– Как ты узнала? – с деланным удивлением. – А впрочем, что тут скрывать, так и было. Я полюбил её подругу, и она узнала об этом. Мы разошлись, я пожил немного с ней, и она ушла к другому, банальная история, каких тысячи.
– И это всё.
– Нет, не всё. Видеть, держать в руках Изабеллу, её смех, голос для меня стал смыслом всей жизни, и потерять это всё в один весенний день было больно вдвойне – ни семьи, ни любви, – сокрушённо мотая головой. – Без неё я меня потерял и не знаю, смогу ли теперь возвратиться к себе, в чьих объятиях я найду долгожданный душевный покой. И что самое печальное, всё это я понял, только когда мы расстались, на своей шкуре ощутил, насколько она была мне дорога. Я и щас пытаюсь её позабыть в продажных ласках женщин чужих, в вине, в работе. Нет, нет, конечно, я себя не оправдываю, меня очень трудно понять, как это так получилось – изменять супруге с её лучшей подругой. Единственное, что я могу сказать себе в оправдание, многое я тогда не понимал, стечение обстоятельств, и любовь как сильный разряд электричества, бьёт беспощадно, не спастись никому.

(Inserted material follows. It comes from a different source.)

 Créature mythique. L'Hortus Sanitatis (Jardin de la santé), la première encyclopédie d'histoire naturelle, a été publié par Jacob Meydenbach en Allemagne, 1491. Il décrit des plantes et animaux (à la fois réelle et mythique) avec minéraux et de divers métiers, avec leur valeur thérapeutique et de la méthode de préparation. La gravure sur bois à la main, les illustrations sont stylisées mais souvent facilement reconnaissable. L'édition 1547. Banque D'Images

– У меня немного проще, – задумчиво отпивая долгий глоток горького кофе, начала Аннабелла, – я долго терпела измену, но побои – это было уже выше моих сил, я забрала ребёнка и просто ушла, громко хлопнув дверь на прощание. Сначала приют для битых женщин, потом назад к родителям.
– Представляю, как ты меня щас ненавидишь, – глядя на неё с состраданием.

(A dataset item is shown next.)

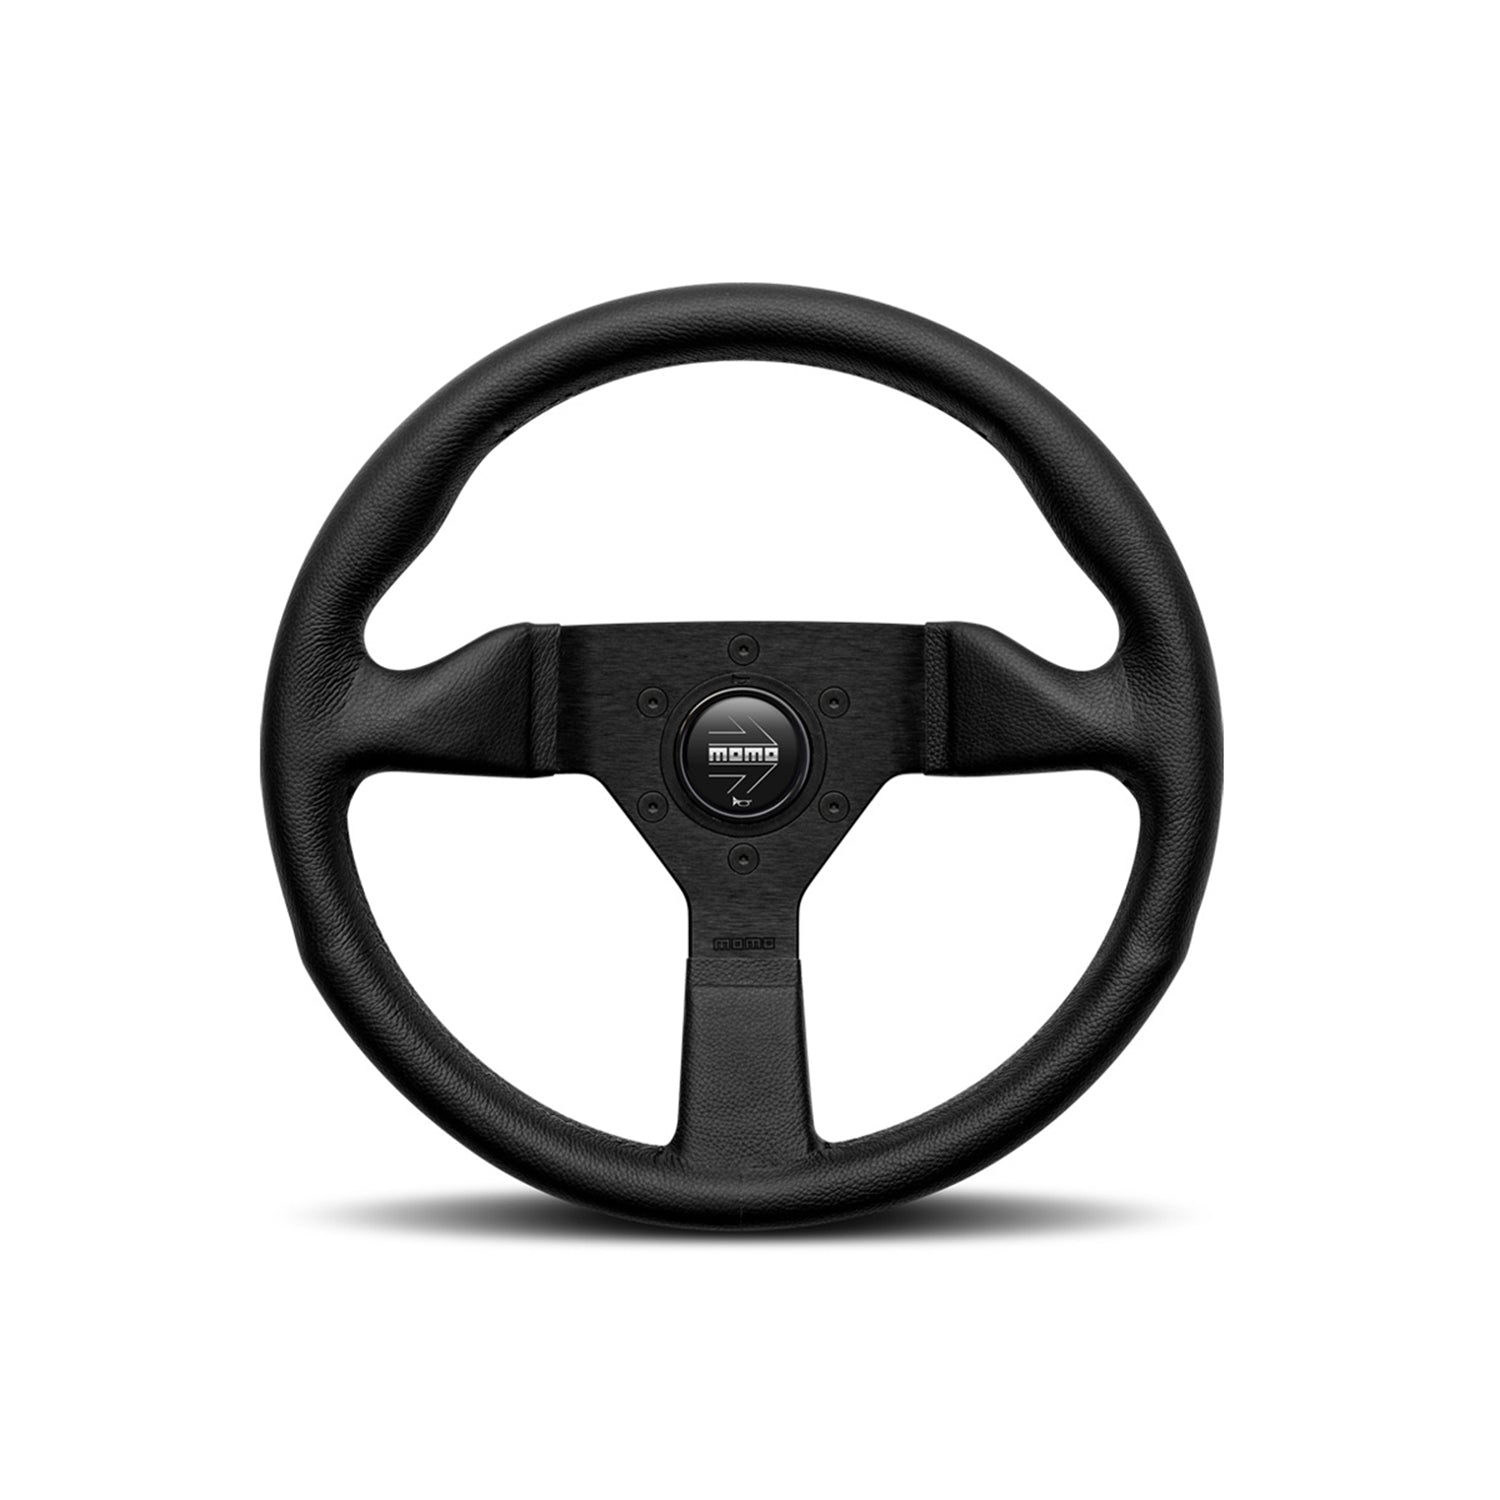 MOMO Montecarlo Steering Wheel In Black Leather 320mm Diameter

– Я с детства мечтала выйти замуж за хорошего, доброго человека, – не обращая внимания на его слова, – засыпала и видела во сне – мечту, уползающую в крысиную нору, слышала биение его сердца, шёпот шелеста опавших листьев по дороге, которой он шёл, я кричала серым облакам, чтобы они замолчали, они смеялись мне в ответ. И когда это случилось, мне показалось, что я самый счастливый человек в этом мире, по крайней мере, я верила в это. Однако люди разные, и никому не известно – кто и как себя поведёт потом, в той или иной ситуации, а насчёт ненавидеть, уже прошло, перегорело в душе, осталась только зола от всего этого и одно желание – жить и жить свободно. Когда мы расстались, я, как в детстве когда-то, надолго уходила из дома, оставив ребёнка на мать, долго бродила по улицам, разговаривала с деревьями, советовала птицам лететь на север, потому что на юге им будет жарко. Люди смотрели и смеялись надо мной, думали, что я тронутая или пьяна. Мне стало страшно, я начала бояться людей, сторониться их и заболела. Родители нашли хорошего психиатра, он стал меня лечить таблетками, от которых меня рвало и всю трясло. Я стала слышать ритмы африканских танцев с Гвинеи и плясала дома до изнеможения, по ночам в одной рубашке искала новую планету среди звёзд, чтобы назвать её твоим именем.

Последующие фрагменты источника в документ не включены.